Hot on the heels of the CEMEX announcement, bp shareholders rejected a plan that would have forced the company to strengthen its climate commitments in an AGM poll, with only 20.65% pledging support. "We will continue to engage with shareholders on our strategy, targets and aims so as to ensure their views are fully understood," it stated. One of the challenges is that there is no single metric that measures Paris consistency, according to chief executive Bernard Looney.

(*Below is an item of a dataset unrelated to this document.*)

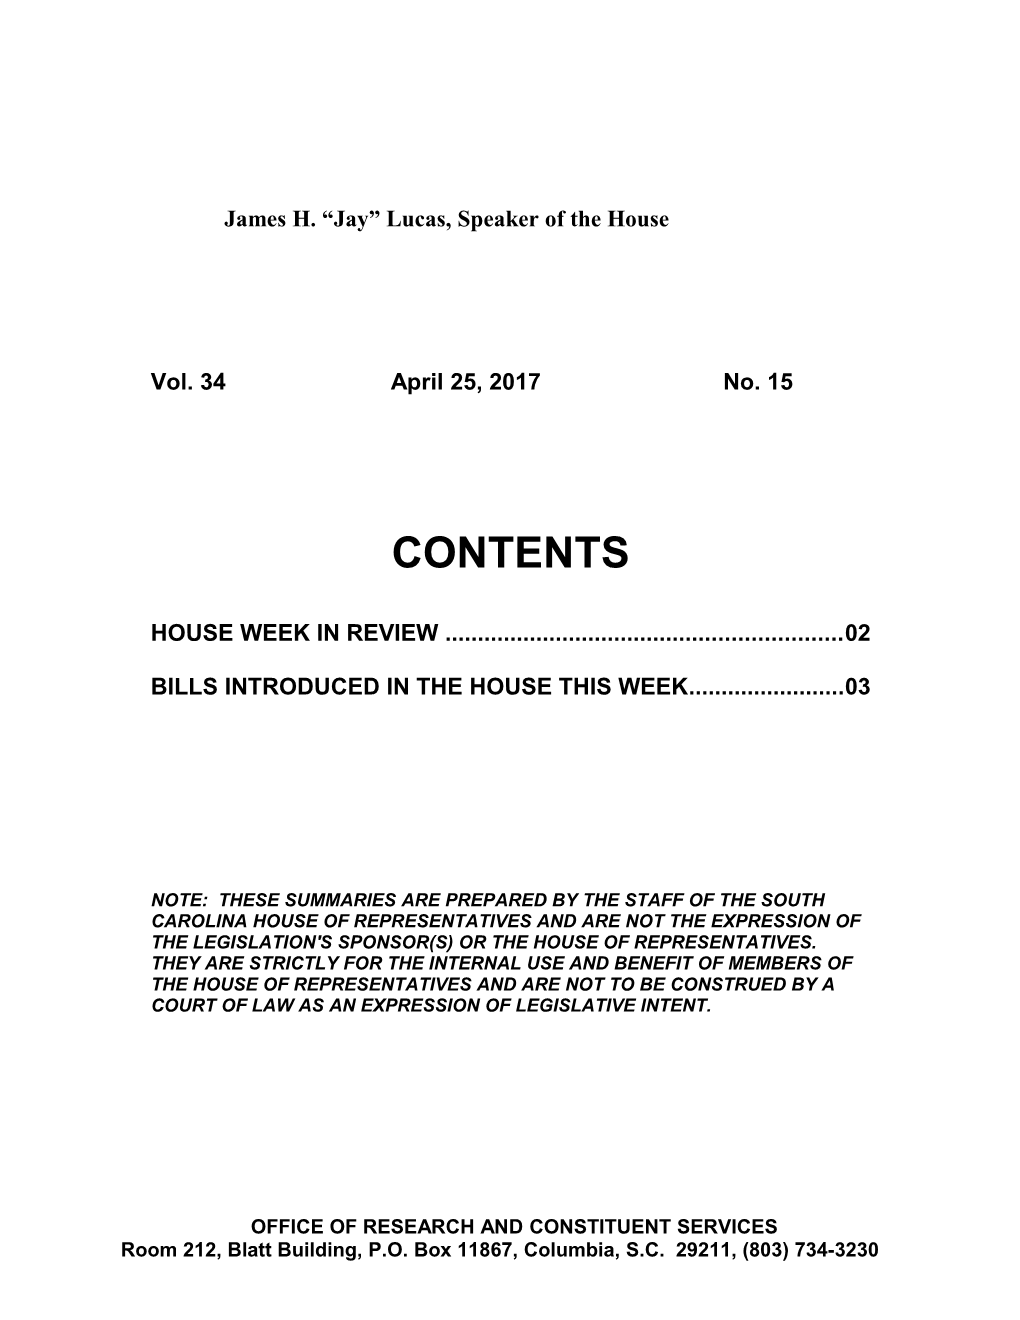 Legislative Update - Vol. 34 No. 15 April 25, 2017 - South Carolina Legislature Online

JPMorgan Chase yesterday released comprehensive steps it is taking in its efforts to align its financing activities with the climate goals of the Paris Agreement, publishing 2030 carbon intensity targets for the Oil & Gas, Electric Power and Auto Manufacturing sectors. It also released its new Carbon Compass methodology that describes how the firm set its targets and how it will monitor progress over time, and unveiled a Center for Carbon Transition

“There must be collective ambition and cooperation by business and government to tackle climate change,” said Jamie Dimon, Chairman and CEO, JPMorgan Chase. "Setting our Paris-aligned targets is an important step toward accelerating the transition to a low-carbon economy and meeting the goals of the Paris Agreement. JPMorgan Chase is committed to doing its part by working with clients around the world to reduce emissions and by ensuring our own operations remain carbon neutral."